:: SUPPLIED MATERIAL

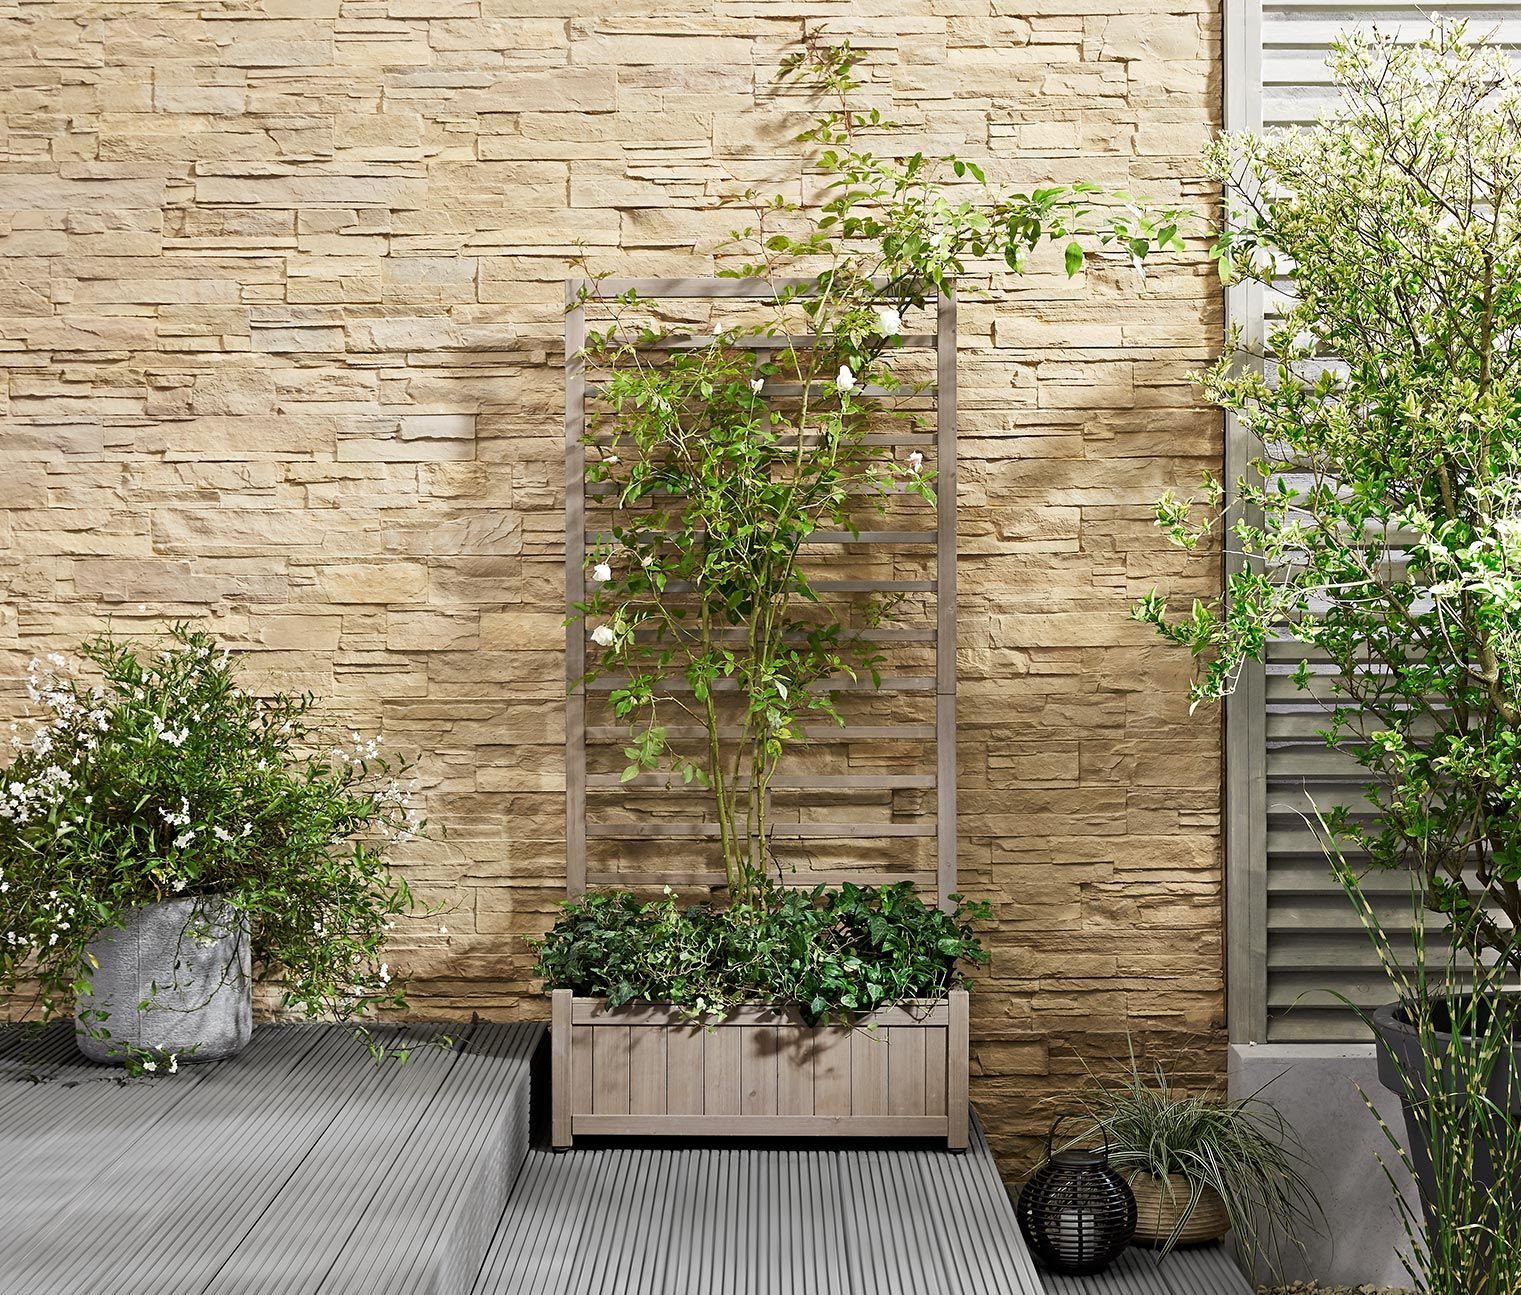 Racsos Viragtarto Futonovenyeknek 336661 A Tchibo Nal Flower Boxes Formal Garden Garden Projects
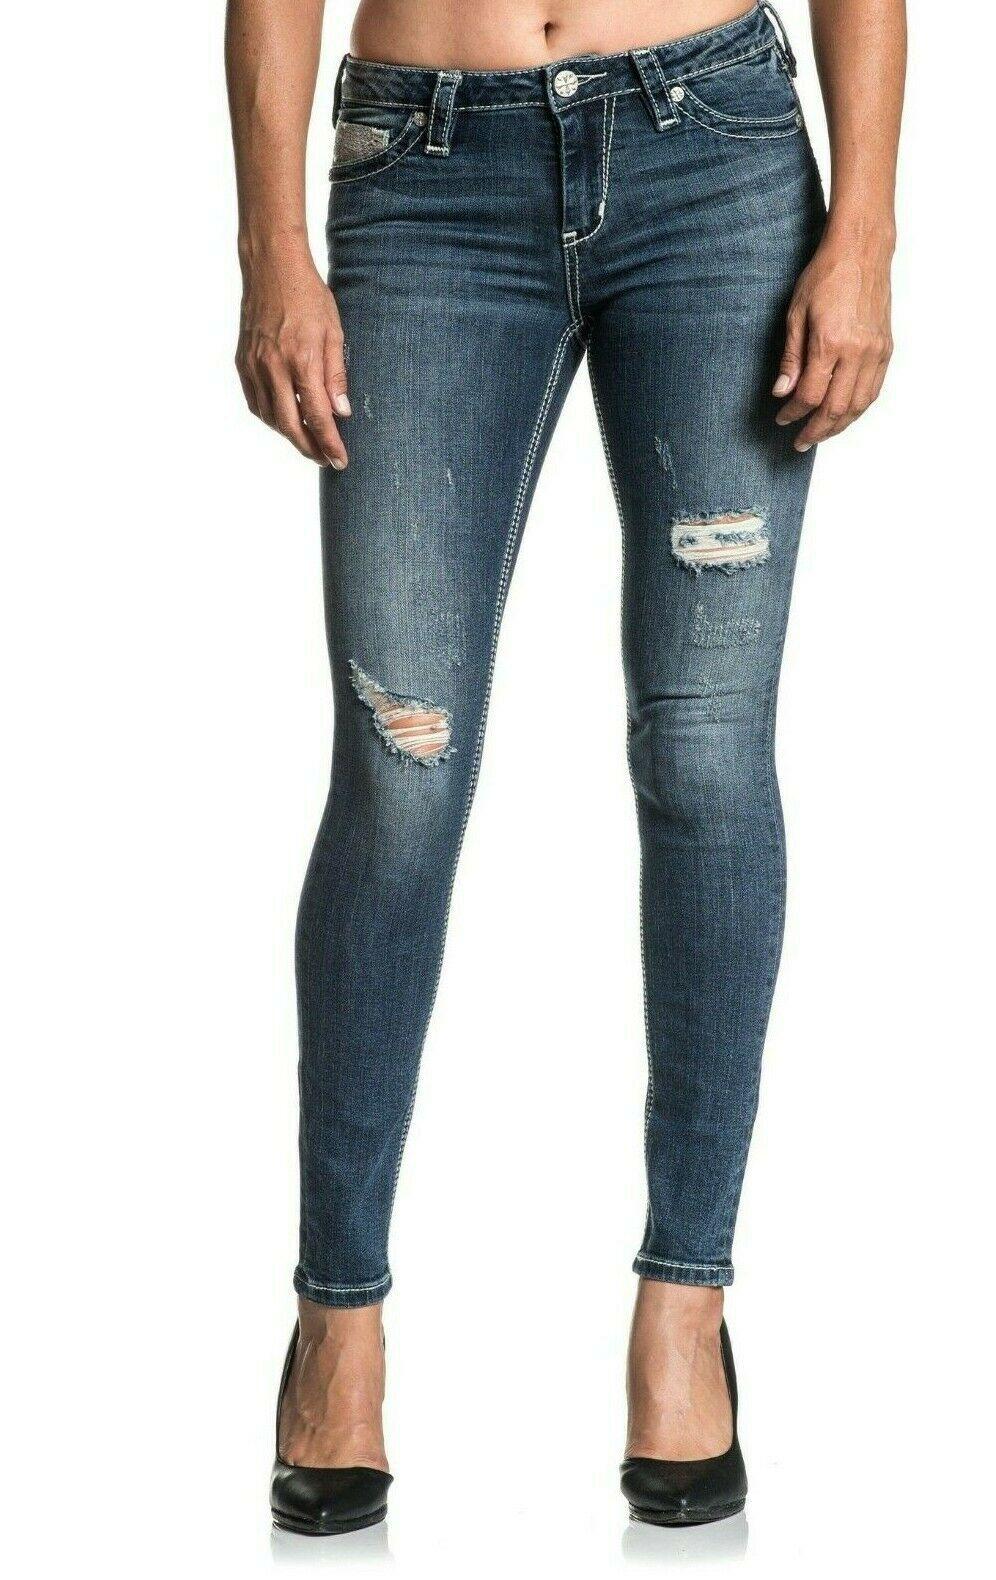 AFFLICTION Women/'s Denim Jeans RAQUEL FLEUR TEAL Embroidered Buckle $125 B38
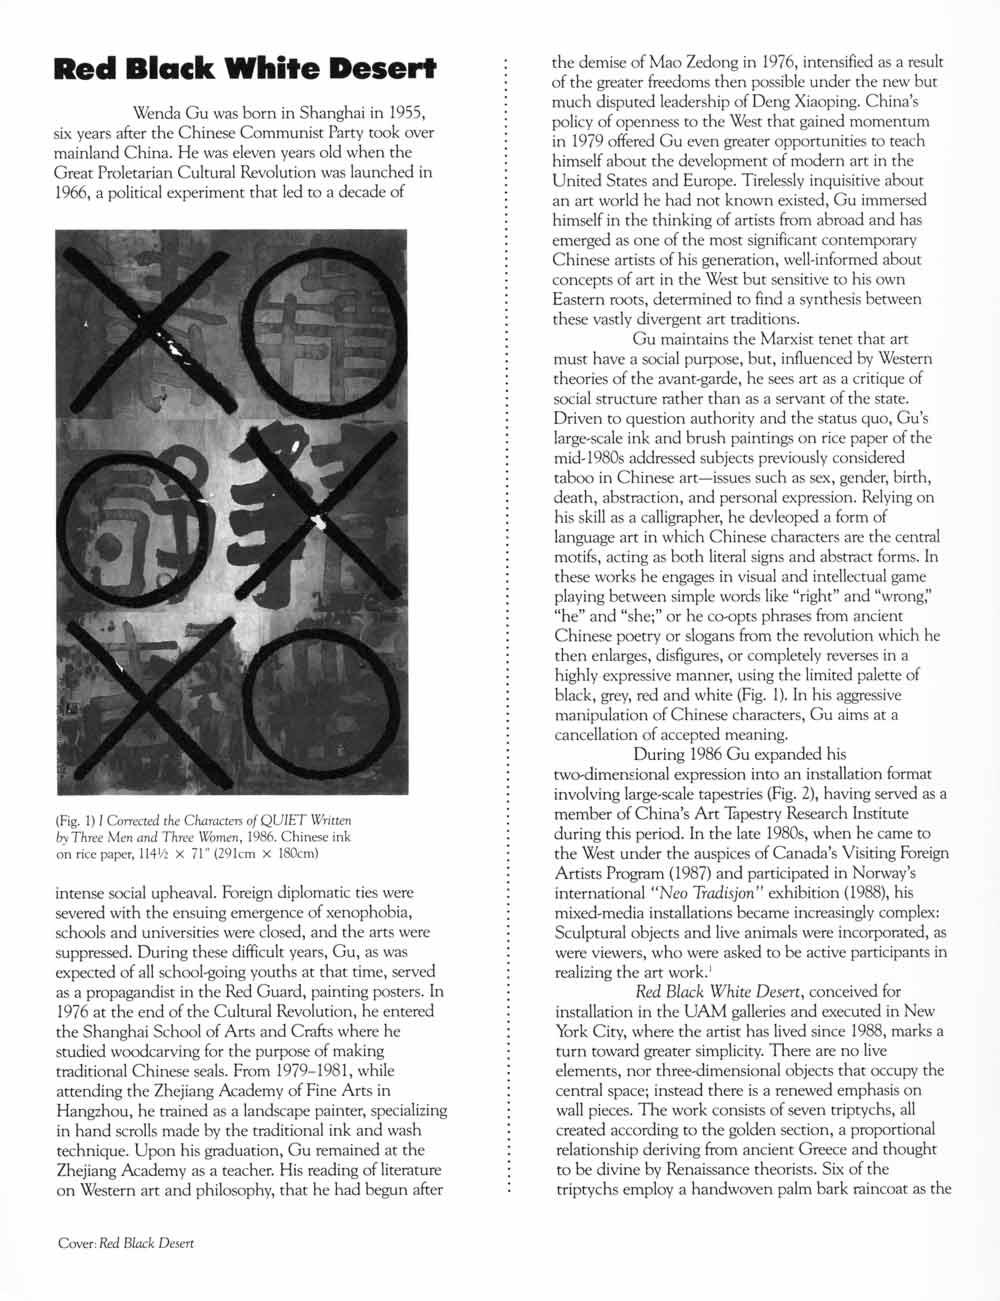 Centric 40 catalog, pg 1
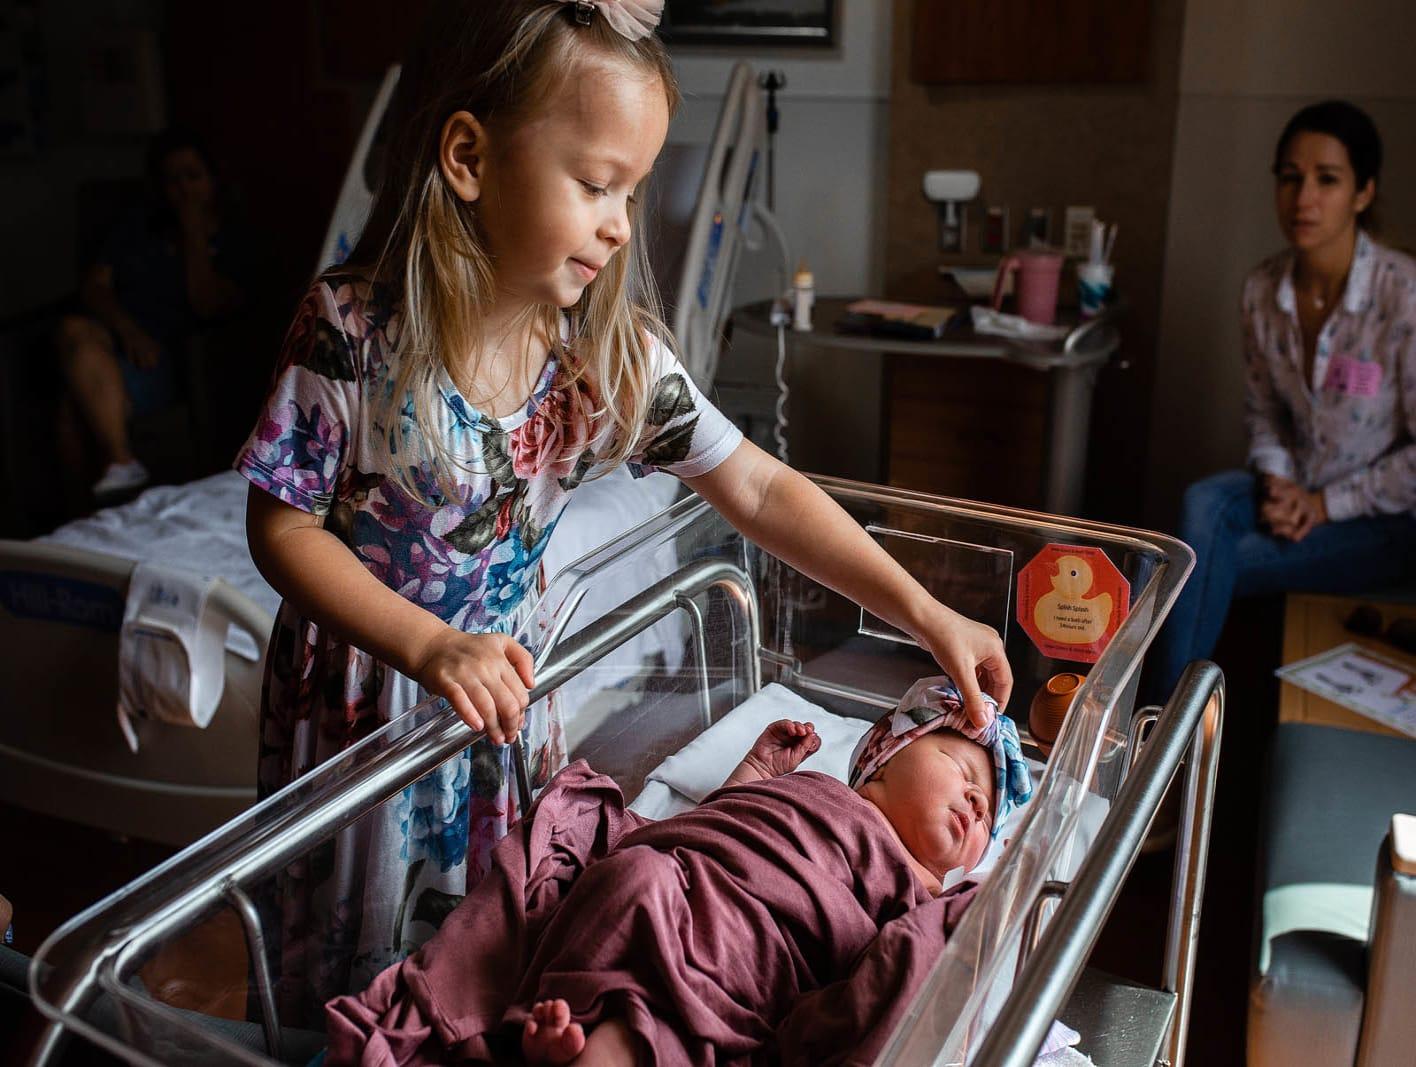 newborn photographer raleigh nc fresh 48 photo shoot rex hospital

::::

▶ [WHAT YOU SHOULD DO] Starting where a line contains "Centric 40 catalog, pg 1" and finishing at the last line above, set down every line exactly as it reads, with no pictures.

▶ [RESULT]
 Centric 40 catalog, pg 1
 newborn photographer raleigh nc fresh 48 photo shoot rex hospital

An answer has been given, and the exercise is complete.